[[ Extracted material open ]]
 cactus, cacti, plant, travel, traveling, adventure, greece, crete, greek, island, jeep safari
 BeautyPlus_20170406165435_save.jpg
[[ Extracted material closed ]]
[[ Extracted material open ]]
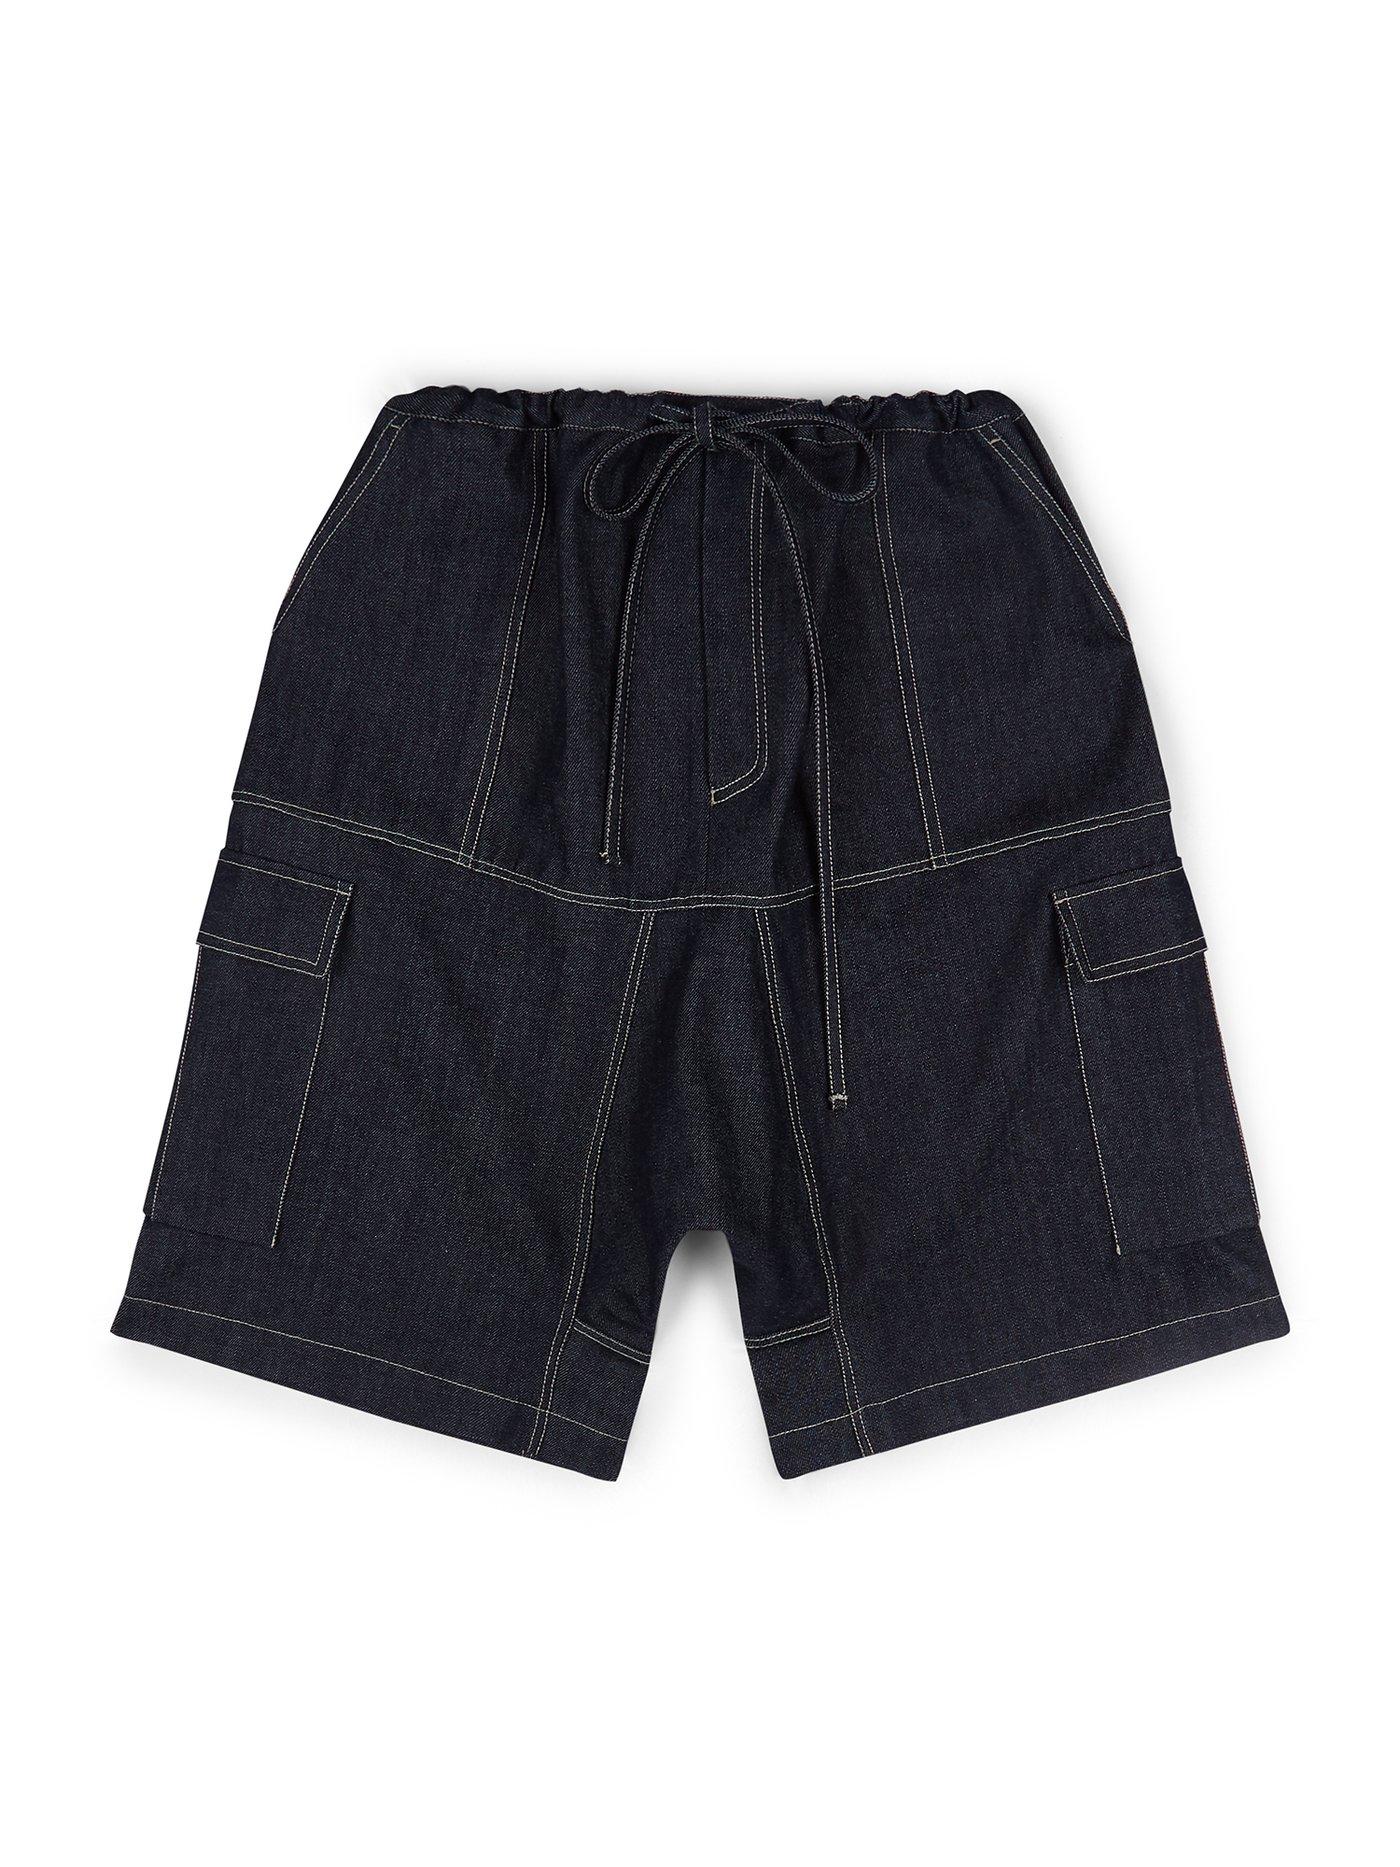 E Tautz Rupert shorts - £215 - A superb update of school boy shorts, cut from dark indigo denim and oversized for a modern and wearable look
[[ Extracted material closed ]]
[[ Extracted material open ]]
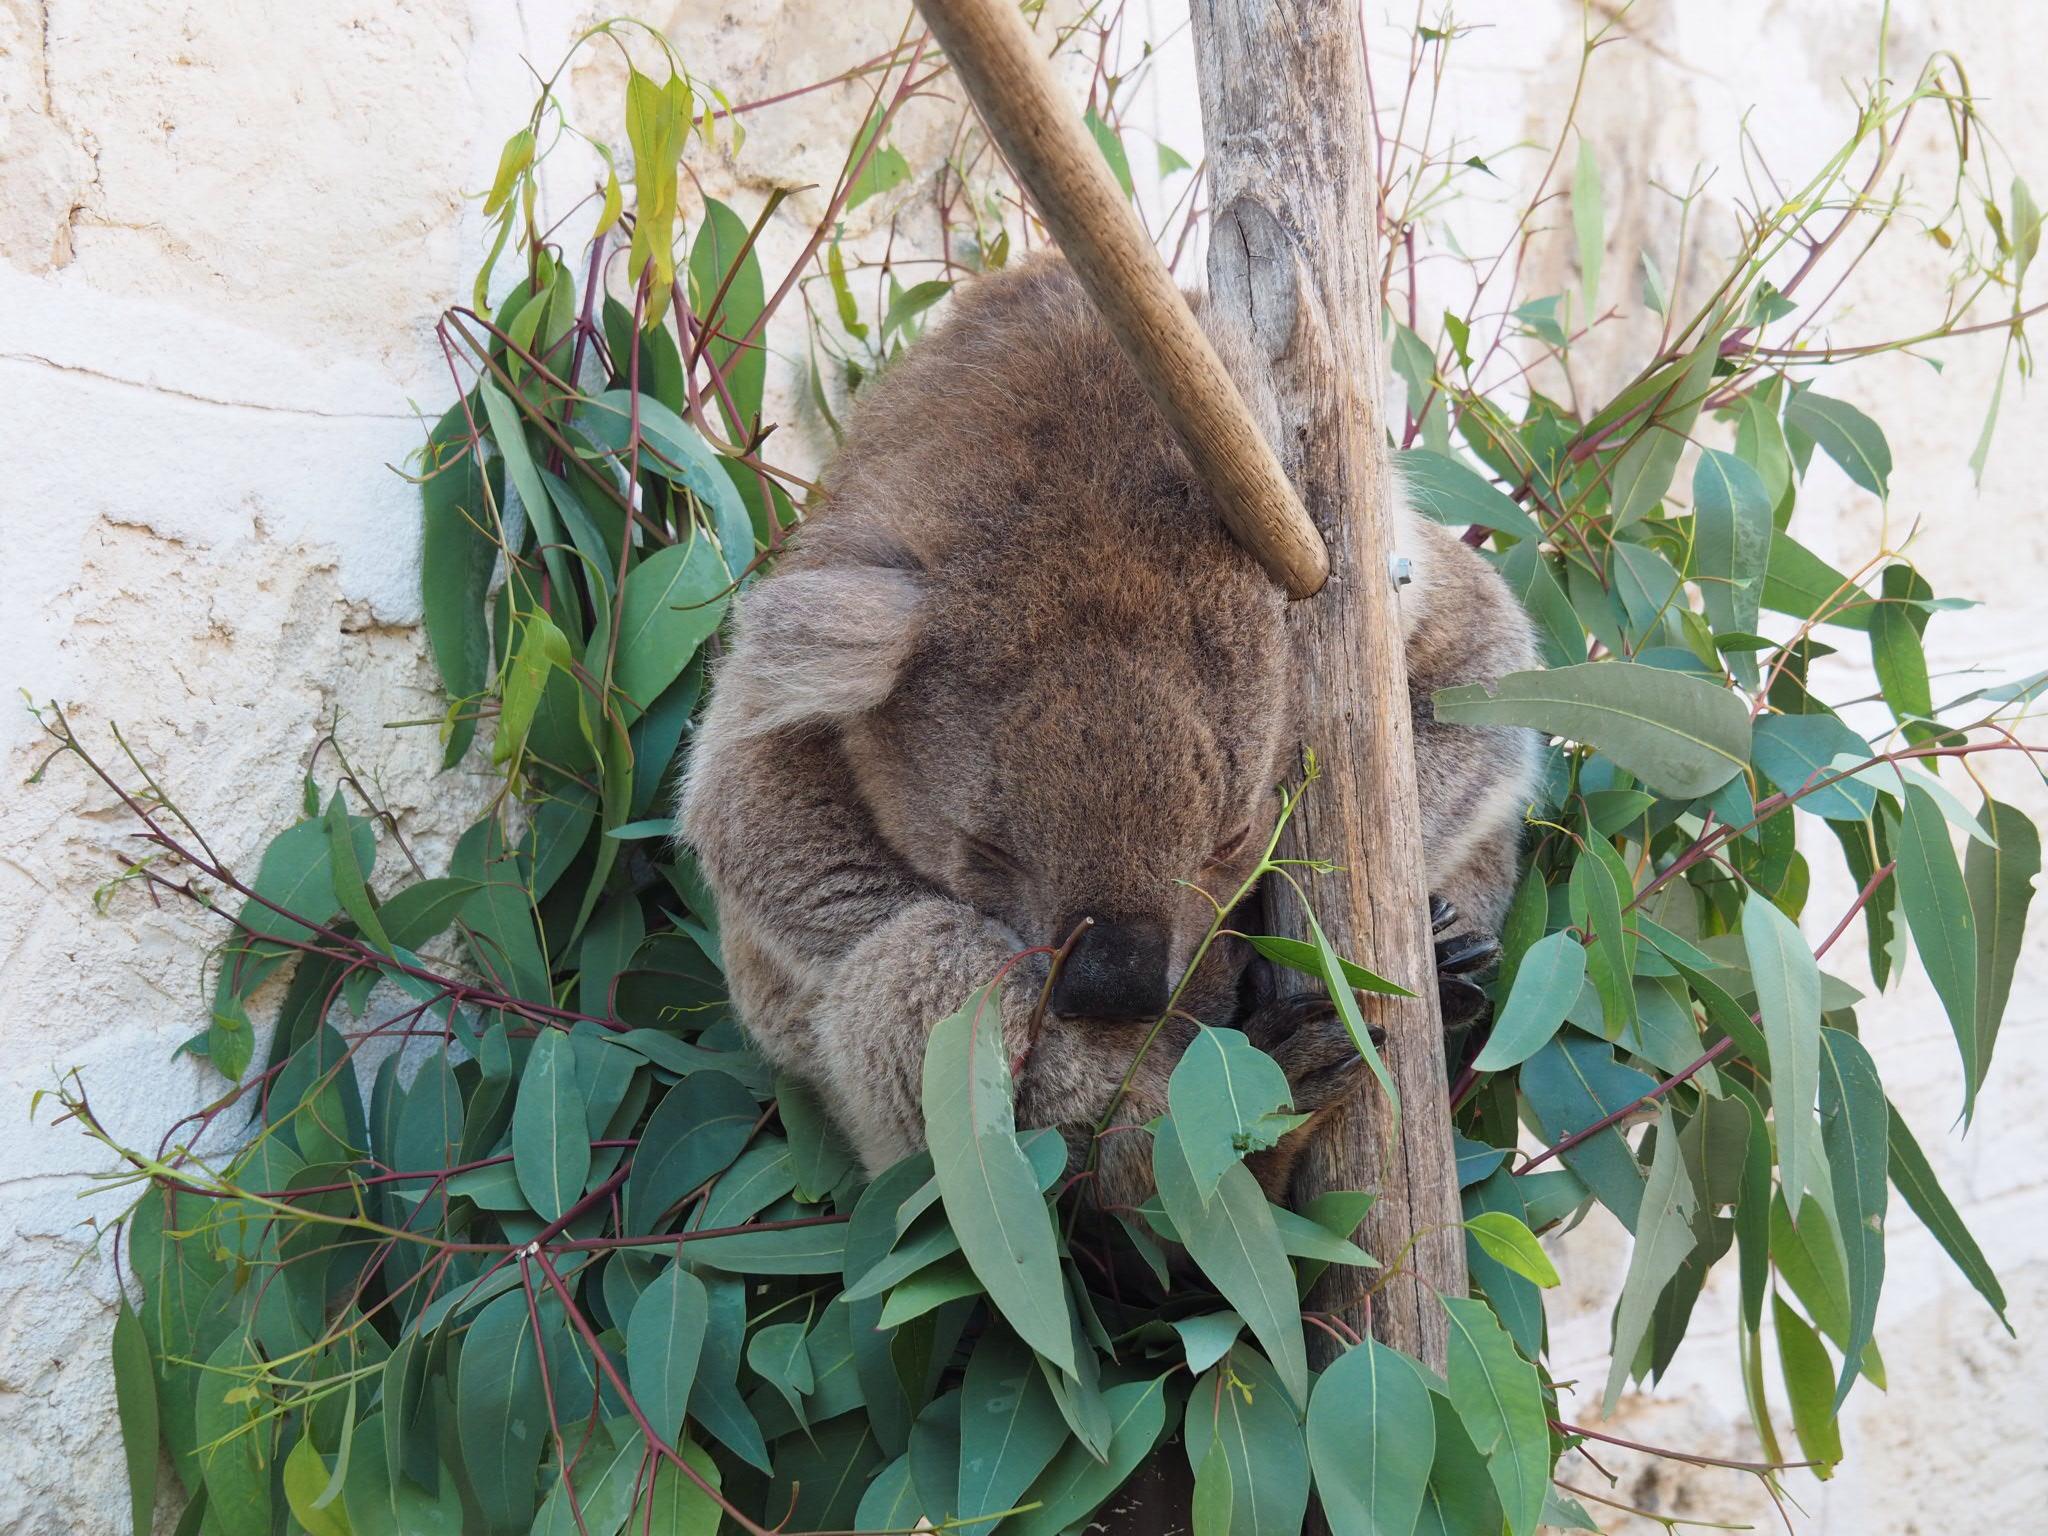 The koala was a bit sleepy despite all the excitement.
[[ Extracted material closed ]]
## Exercise brief
Of all the entries above, output exactly the lines between the one holding "island, jeep safari" and the one holding "BeautyPlus_20170406165435_save.jpg", inclusive.

## Task answer
 cactus, cacti, plant, travel, traveling, adventure, greece, crete, greek, island, jeep safari
 BeautyPlus_20170406165435_save.jpg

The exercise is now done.